心地好い感触

“風合い”、という言葉にどんなことを思う?

わたし、何気なく感じてましたがこれ、表現しろといわれると。。。。

この前、新聞のコラムである装幀家のかたがこの“風合い”をめぐっての編集さんとのやりとりを書かれてまして。
本を創り上げる過程で必ず行われる打ち合わせではあるでしょうから、きちんとやることを考えると細かい確認も必要。そうしたことだったのでしょうけど。
・・・ただ、この“風合い”・・・辞書的に(?)くっきり割り切れる観念というか概念というか、それらがうまく伝えにくいところでして。たしかに辞書引けばそれらしいことは(新聞の文面引用しようかと思ったけど、思考が固定されぬようやめた・・・たぶん、辞書によって微妙に言い回しちがうんじゃないかな。

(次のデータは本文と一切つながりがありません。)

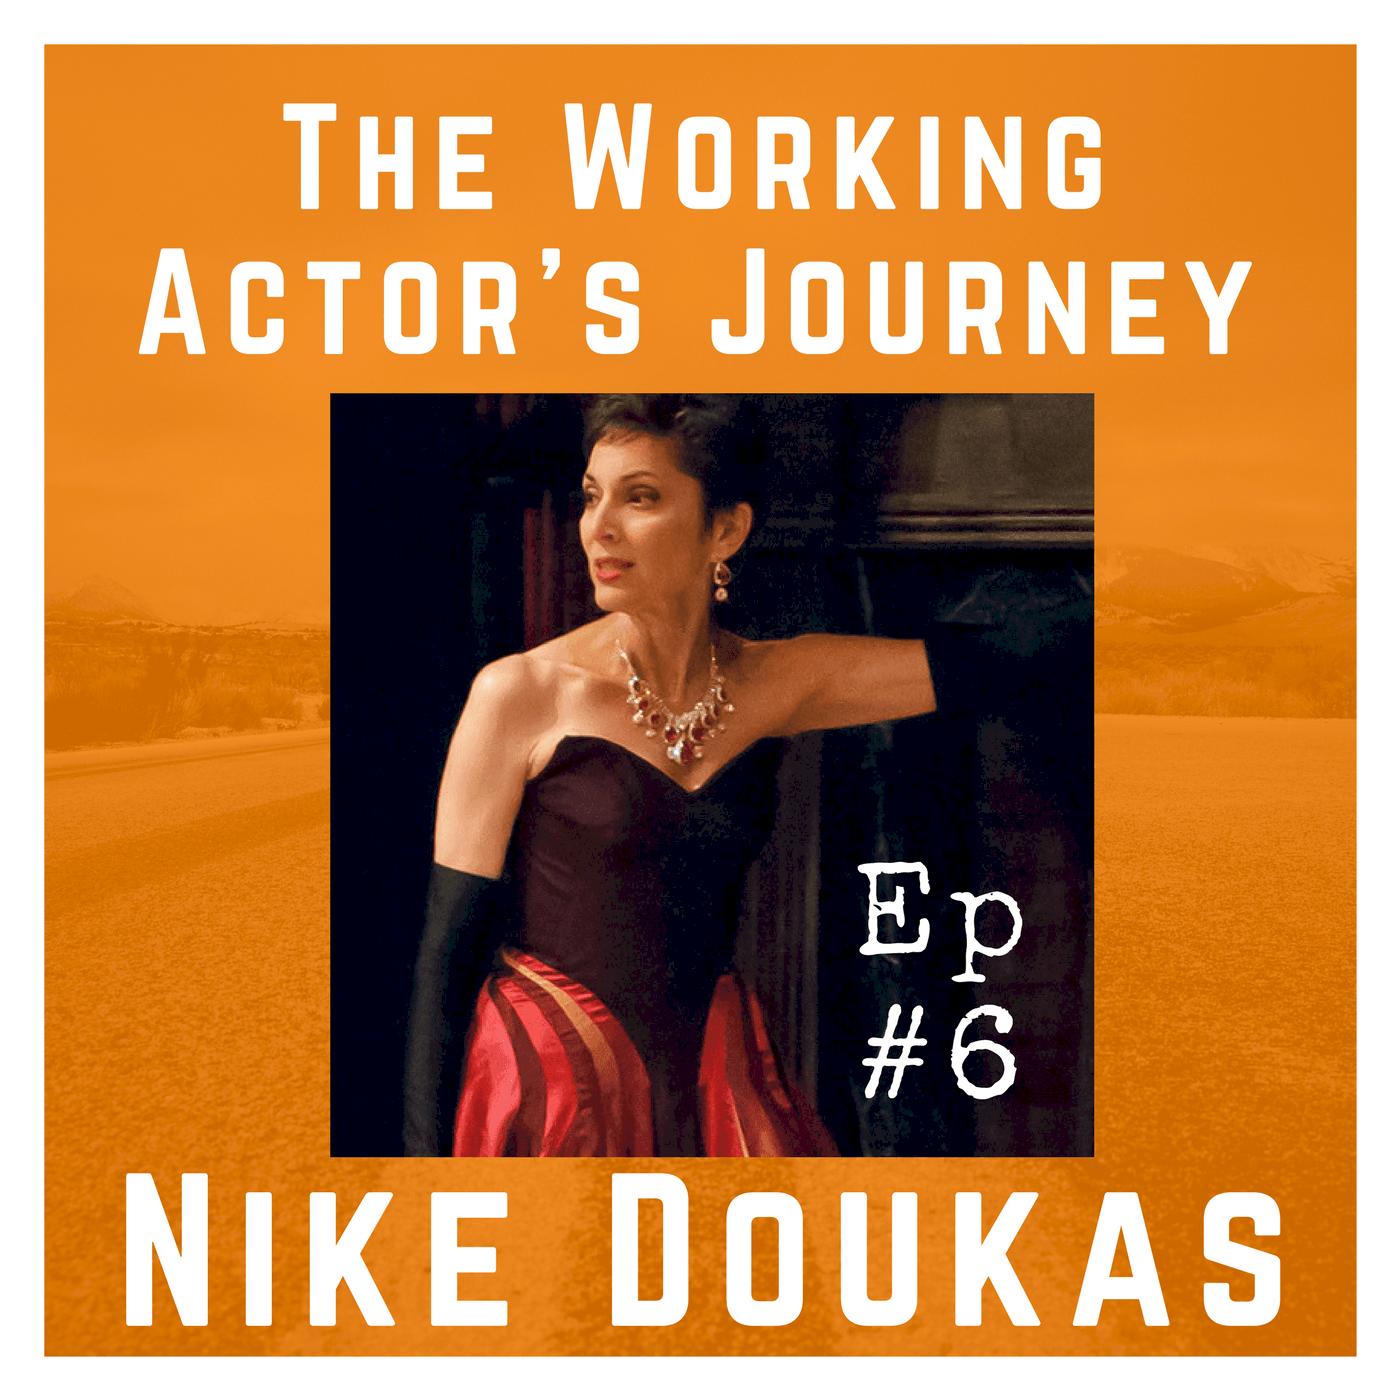 Ep 6 with Nike Doukas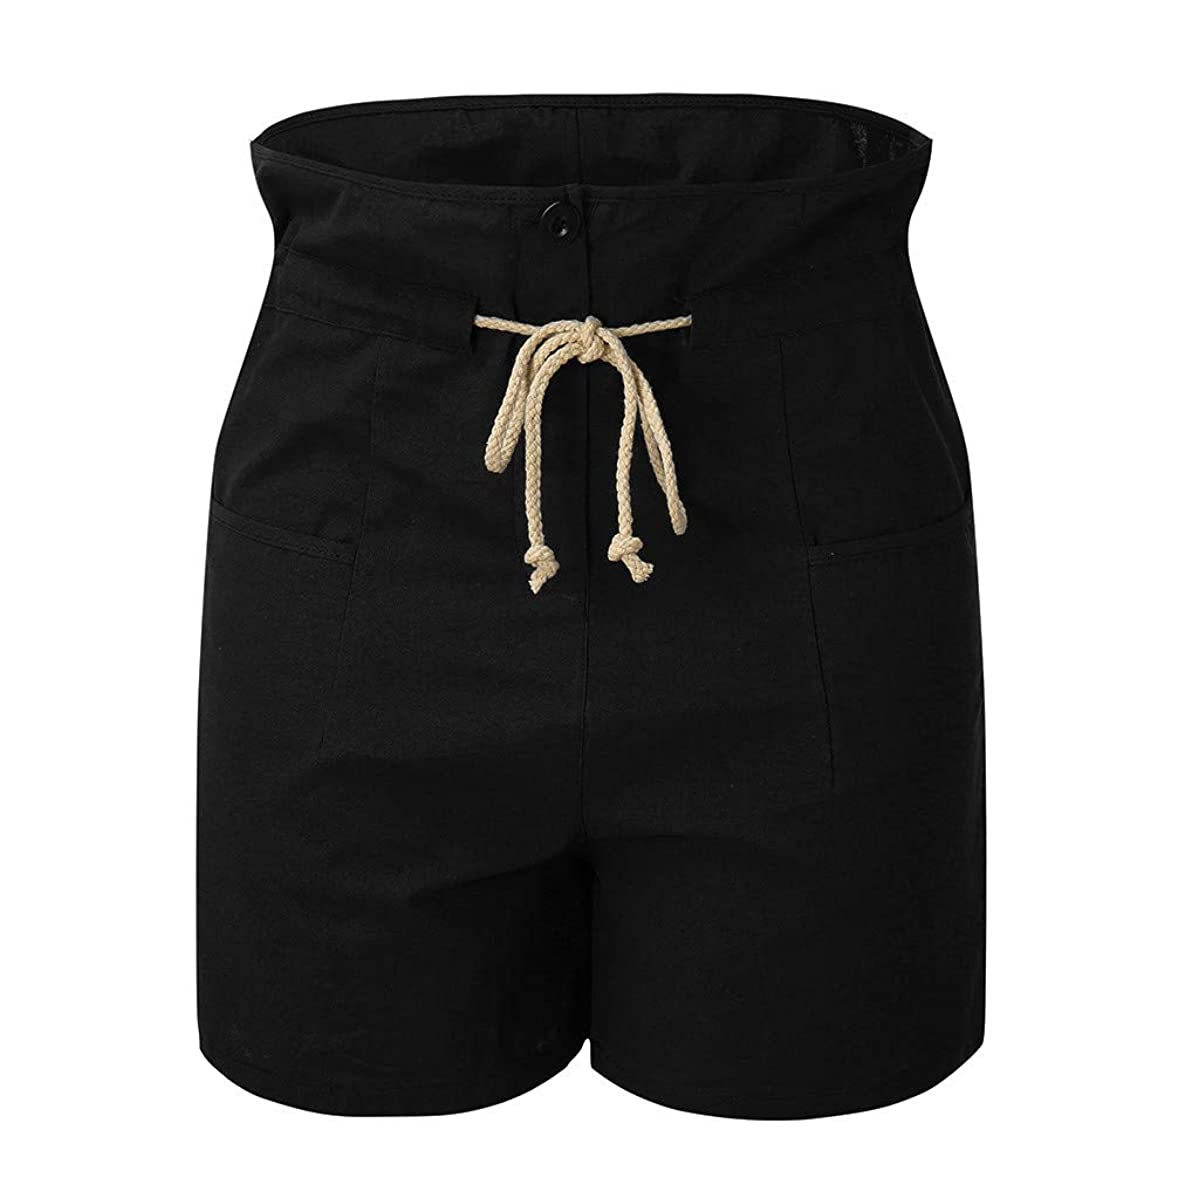 Botrong Women's Casual Cotton Pants Summer Shorts Jersey Walking Shorts

気になるかたは調べてみてください)書いてあると考えられますが、解釈ってとどのつまり、それぞれの感覚としか言いようがないのでは??
あくまでも「こういう感じ」くらいにしか言語的にはあらわせない。要は環境や経験によってとらえどころが異なっているものだと。

想像してみよう。
“色合い”についても同じことがあてはまらないか?

色彩は染色の世界やファッション・インテリアがらみで規格はある。
でも、ふだんはそんなに細かい部分にまで考えが及ばない。
たとえば赤系が好き、青系が落ち着く、イエローやグリーンが似合う・・・そうした大雑把なところで選ぶだろう。しかしながら、厳密にはピンクは赤につながるし、紫は青にからむ、オレンジはイエローに通じる。細密にみていくと実に雑多な色があることになる。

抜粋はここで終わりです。